Decoded: `657N4IRYCT:gVaRY2DPLCgmyIB3yP6kkCRjYr18hRs9Eq2LvqWR`

**Impact**: Anyone who inspects the frontend bundle can extract these credentials and call the SCORM Cloud API v2 directly — reading courses, registrations, learner data; potentially modifying training content.

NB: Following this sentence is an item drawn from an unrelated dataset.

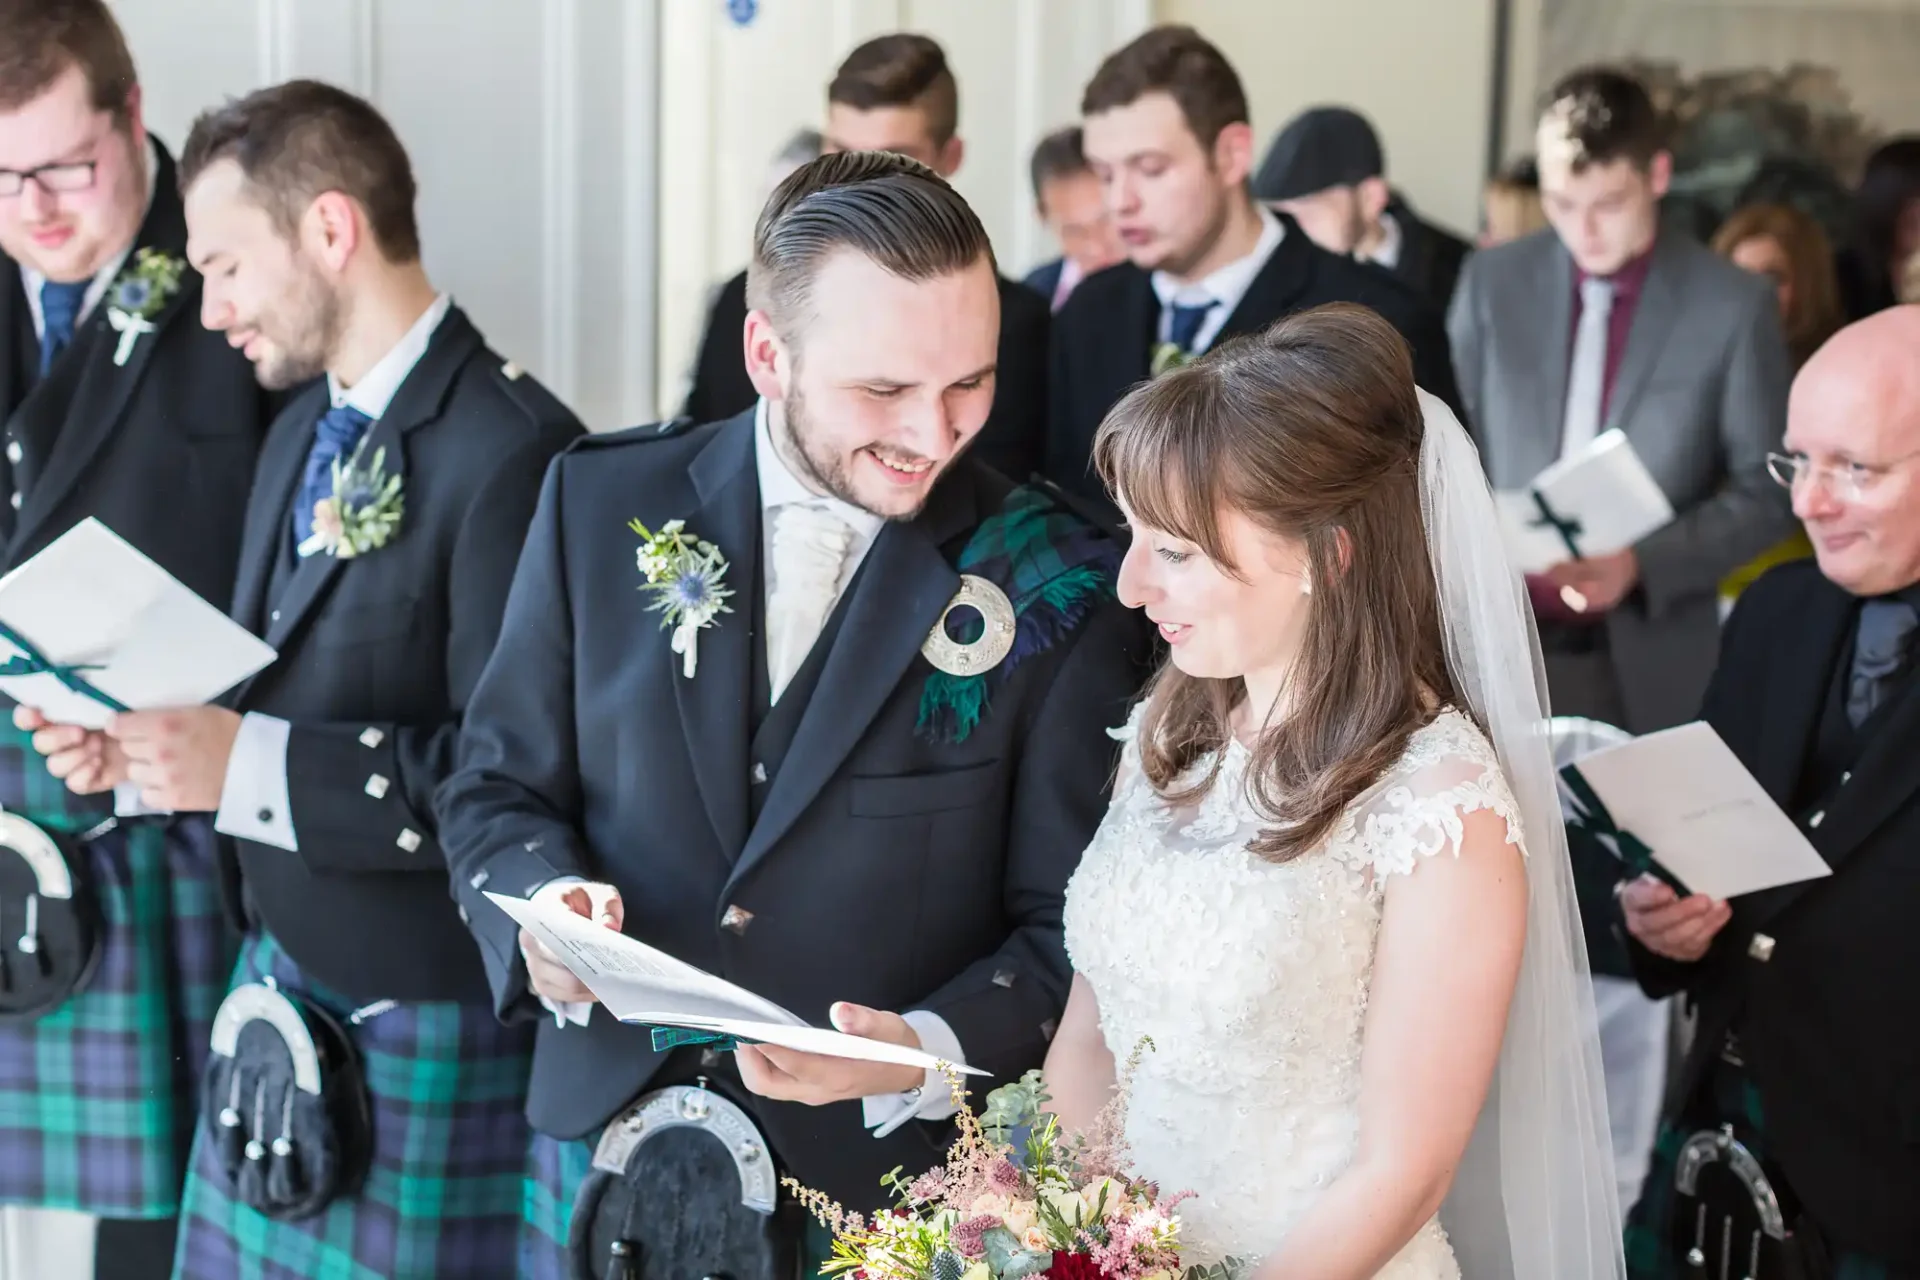 Bride and groom smiling and reading from a paper in a wedding ceremony, surrounded by guests in formal attire.

**Fix**: Move to backend. Frontend should call your own API which proxies to SCORM Cloud with server-side credentials.

---

### F2 — Refresh Tokens Exposed in URL Path (ID 21)
**Severity**: HIGH | **Confidence**: HIGH | **CWE-598**

**Locations**:
- `src/routes.tsx:2505` — `/documents-lacomer-mobile/:refreshToken`
- `src/routes.tsx:2514` — `/requests-banbajio-mobile/:refreshToken`

**Impact**: Refresh tokens are long-lived. They leak via:
- Browser history
- Referer headers to third-party resources
- Server/proxy access logs
- Analytics (Amplitude, Sentry, Clarity are all configured)
- Shoulder surfing

A leaked refresh token = full account takeover until revoked.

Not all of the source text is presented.